The way Flux works for me here is it will recursively search the `kubernetes/apps` folder until it finds the most top level `kustomization.yaml` per directory and then apply all the resources listed in it. That aforementioned `kustomization.yaml` will generally only have a namespace resource and one or many Flux kustomizations (`ks.yaml`). Under the control of those Flux kustomizations there will be a `HelmRelease` or other resources related to the application which will be applied.

[Renovate](https://github.com/renovatebot/renovate) watches my **entire** repository looking for dependency updates, when they are found a PR is automatically created. When some PRs are merged Flux applies the changes to my cluster.

### Directories

This Git repository contains the following directories under [Kubernetes](./kubernetes/).

```sh
📁 kubernetes
├── 📁 apps # applications
├── 📁 bootstrap # bootstrap procedures
└── 📁 flux # flux system configuration
├── 📁 components # re-useable components used by apps
└── 📁 meta
└── 📁 repositories # sources for flux, e.g. helm charts
```

### Flux Workflow

This is a high-level look how Flux deploys my applications with dependencies.

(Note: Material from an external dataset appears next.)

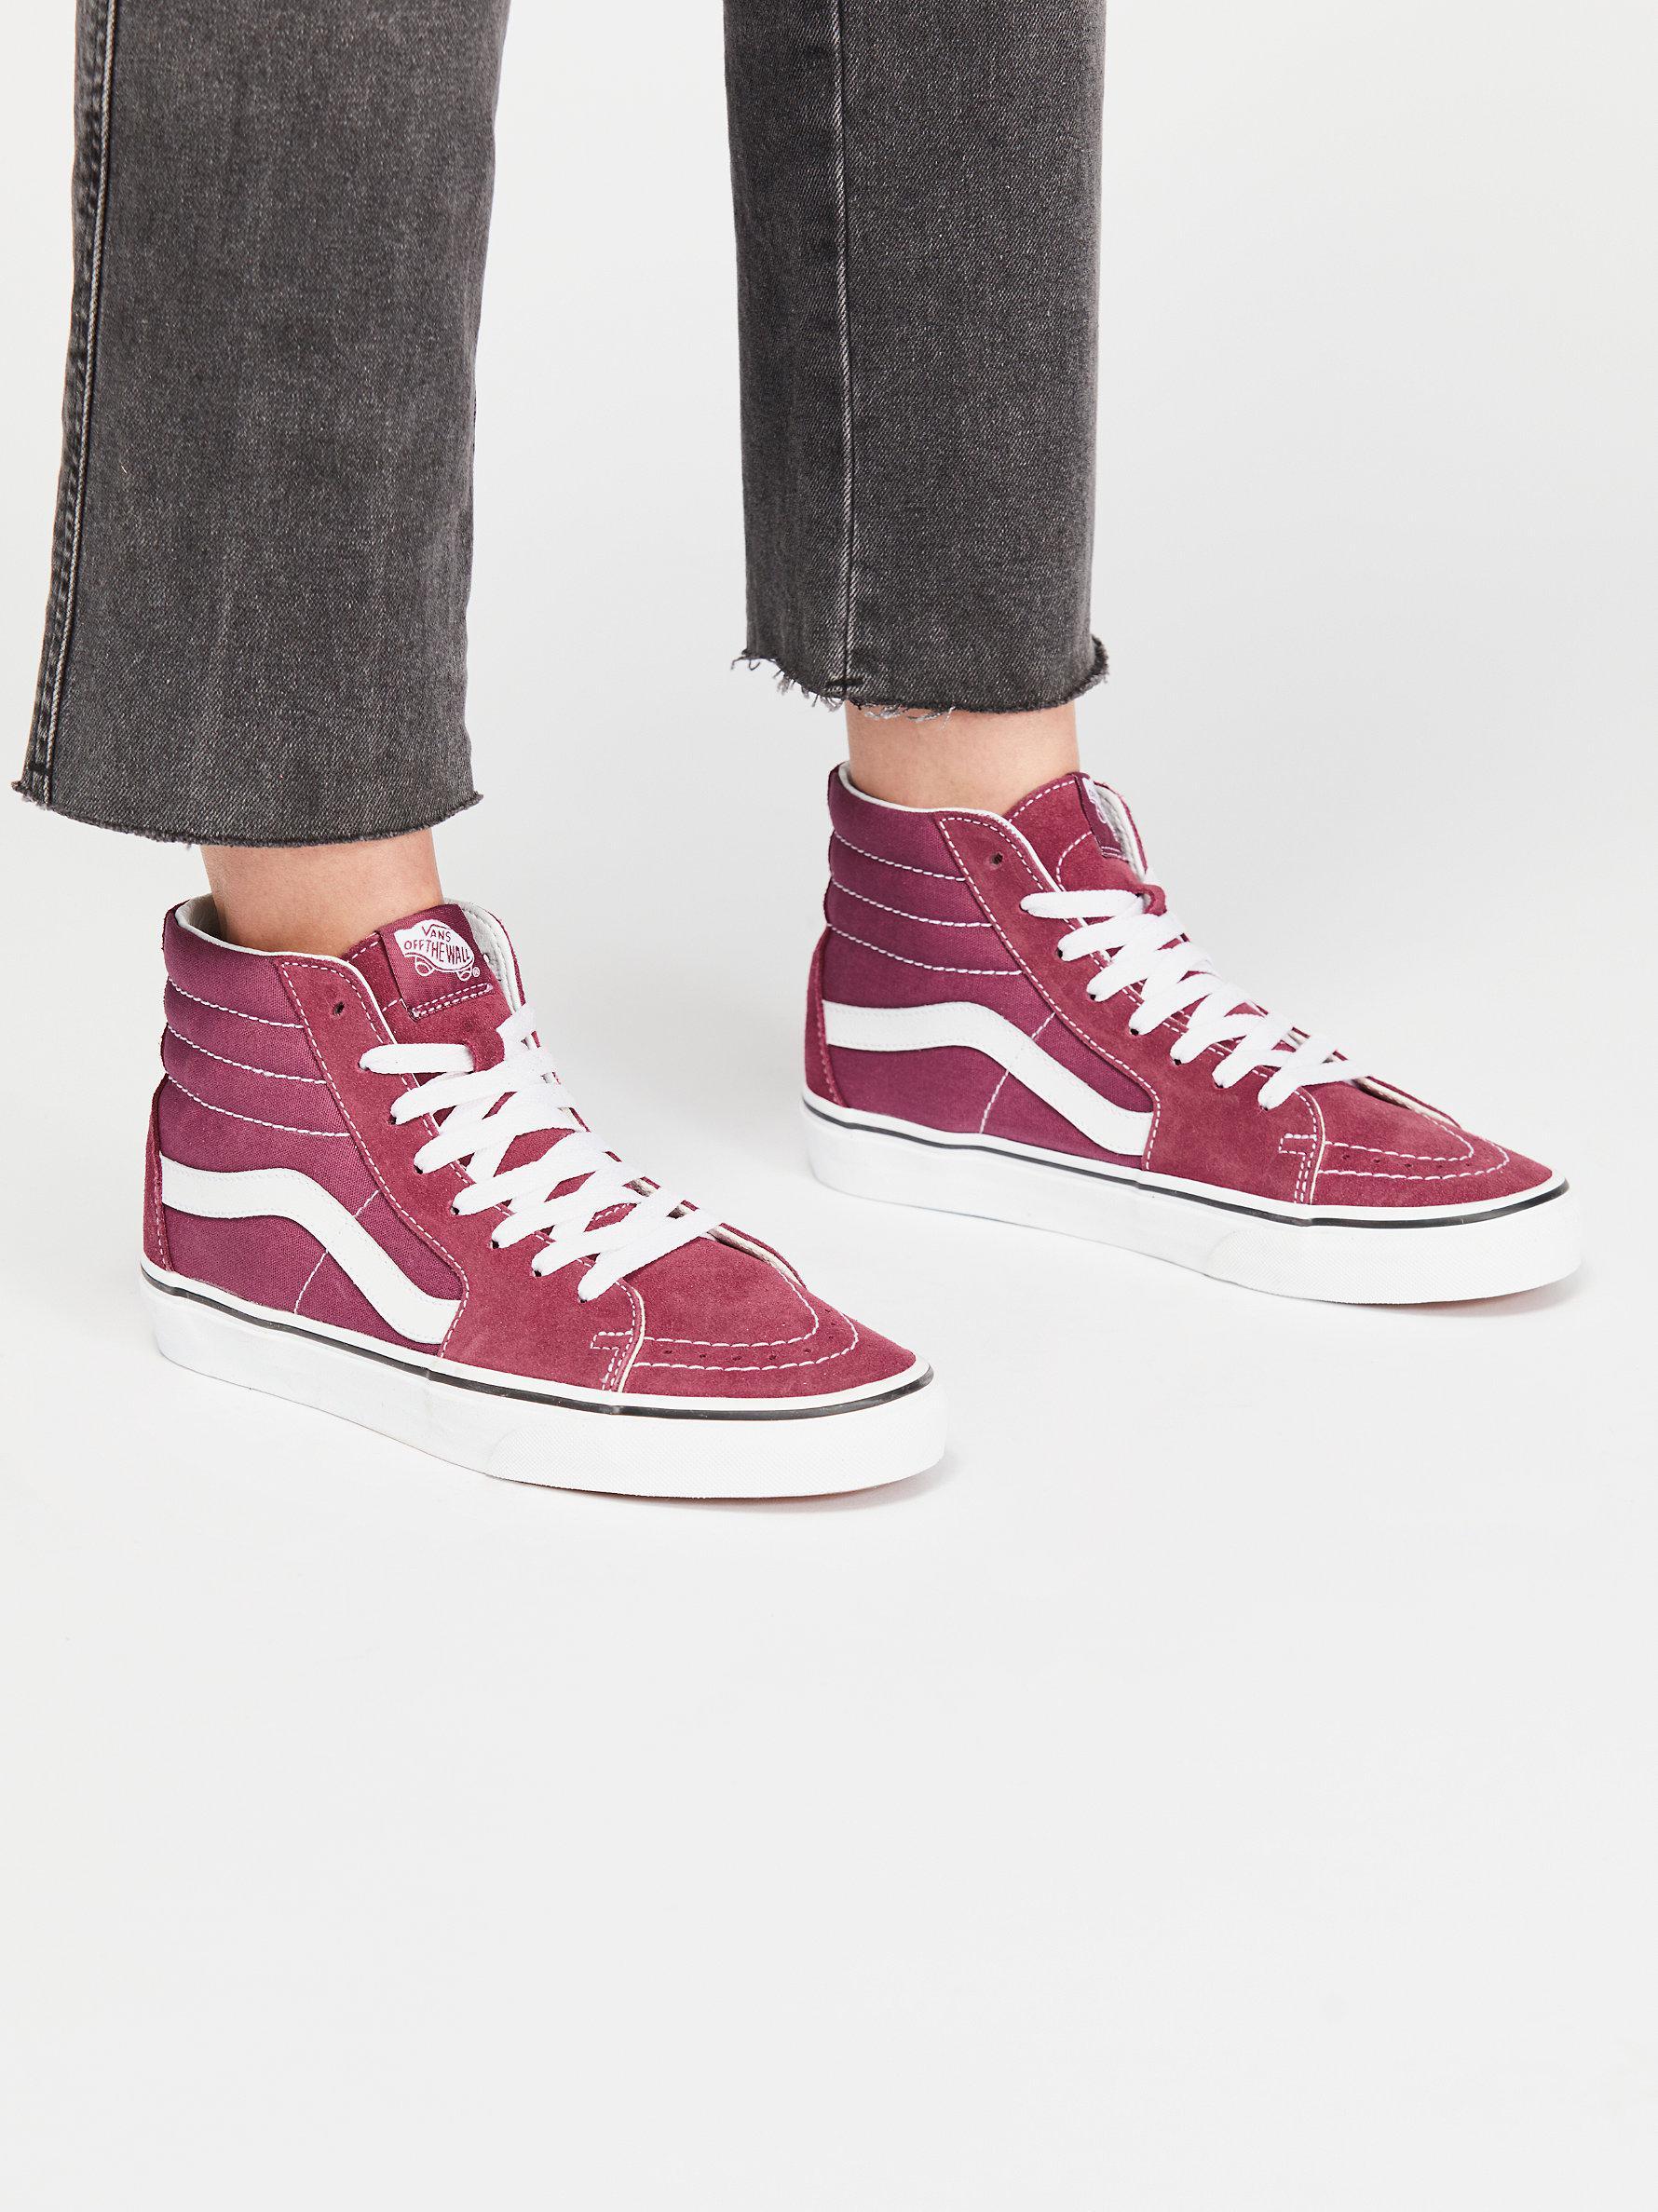 82e48dff5d77bb Lyst - Free People Vans Sk8-hi Top Sneaker in Pink

In most cases a `HelmRelease` will depend on other `HelmRelease`'s, in other cases a `Kustomization` will depend on other `Kustomization`'s, and in rare situations an app can depend on a `HelmRelease` and a `Kustomization`. The example below shows that `mongo` won't be deployed or upgrade until `mongo` and `volsync` are installed and in a healthy state.

```mermaid
graph TD
A>Kustomization: unifi-mongo] --> |Depends on| B
B>Kustomization: mongo] --> |Creates| B1
B1>HelmRelease: mongo] --> |Depends on| B3
B3>HelmRelease: rook-ceph-cluster] -->|Depends on| B4
B4>HelmRelease: rook-ceph]
B5>Kustomization: rook-ceph] -->|Creates| B3
B5 -->|Creates| B4
A -->|Depends on|D
D>Kustomization: volsync] --> |Creates| D1
D1>HelmRelease: volsync] --> |Depends on| E1
E>Kustomization: snapshot-controller] --> |Creates| E1>Helmrelease: snapshot-controller]
B3 --> |Depends on| E1
```

## 🌐 Networking

```mermaid
graph TD
A>AT&T Fiber]
A --> |😭|A1([Only gives a /64 per request, so no IPv6 on VLANs on UniFi])
A --> |1Gb/1Gb on a 2.5GbE link| R
B>T-Mobile Home Internet - Wireless] --> |Failover, 300ish down| R
B --> |😭|B1([No IPv6 at all on UniFi])
R>UniFi Gateway Max
2 WAN ports, 3 LAN ports
@ 2.5 GbE]
R --> |2.5GbE| S1
R --> |2.5GbE
VLAN servers| S2
S1>UniFi Switch Flex
8x 2.5G PoE ports, 1x 10 GbE uplink]
S2>USW Pro HD 24
22x 2.5GbE ports, 2x 10GbE port, 4 10G SFP+ ports]
S1 --> |2.5GbE| W
W>UniFi U7 Pro]
W --> |WiFi|W1([ssid])
W --> |IoT WiFi
VLAN iot|W2([ssid iot])
S1 --> D([Devices])
S2 -->|2.5GbE| K([7 Kubernetes nodes])
S2 -->|1GbE| P([Raspberry Pi 4b with Z-Wave GPIO Hat])
S2 -->|1GbE| KVM([PiKVM v3])
S2 --> |2x 10G SFP+ Bonded| N([NAS])
```

### 🏘️ VLANs

| Name | ID | CIDR |
|---------|----|-----------------|
| Default | 0 | 192.168.1.0/24 |
| servers | 20 | 192.168.20.0/24 |
| iot | 30 | 192.168.30.0/24 |

### 🌎 DNS

In my cluster there are two instances of [ExternalDNS](https://github.com/kubernetes-sigs/external-dns) running. One for syncing private DNS records to my `UniFi Gatway Max` using [ExternalDNS webhook provider for UniFi](https://github.com/kashalls/external-dns-unifi-webhook), while another instance syncs public DNS to `Cloudflare`. This setup is managed by creating ingresses with two specific classes: `internal` for private DNS and `external` for public DNS. The `external-dns` instances then syncs the DNS records to their respective platforms accordingly.

### 🏠 Home DNS

My Home DNS is fairly complicated, with several forwarding steps.

```mermaid
graph TD
A>internal-external-dns] -->|Updates|B0
B0>Unifi Network Application] -->|Updates|B
B>Unifi Router DNS] -->|Cluster or Hostname request|C
C>Answers Request]
B>Unifi Router DNS] -->|Forwards other requests|D
D>PiHole] -->|Blocked or matches additional custom hosts|C
D>PiHole] -->|Forwards other requests|E[DNSCrypt-Proxy]
E>DNSCrypt-Proxy] -->|Forwards requests to DNSCrypt or DoH resolver|C
```

## ☁️ Cloud Dependencies

While most of my infrastructure and workloads are self-hosted I do rely upon the cloud for certain key parts of my setup. This saves me from having to worry about three things. (1) Dealing with chicken/egg scenarios, (2) services I critically need whether my cluster is online or not and (3) The "hit by a bus factor" - what happens to critical apps (e.g. Email, Password Manager, Photos) that my family relies on when I no longer around.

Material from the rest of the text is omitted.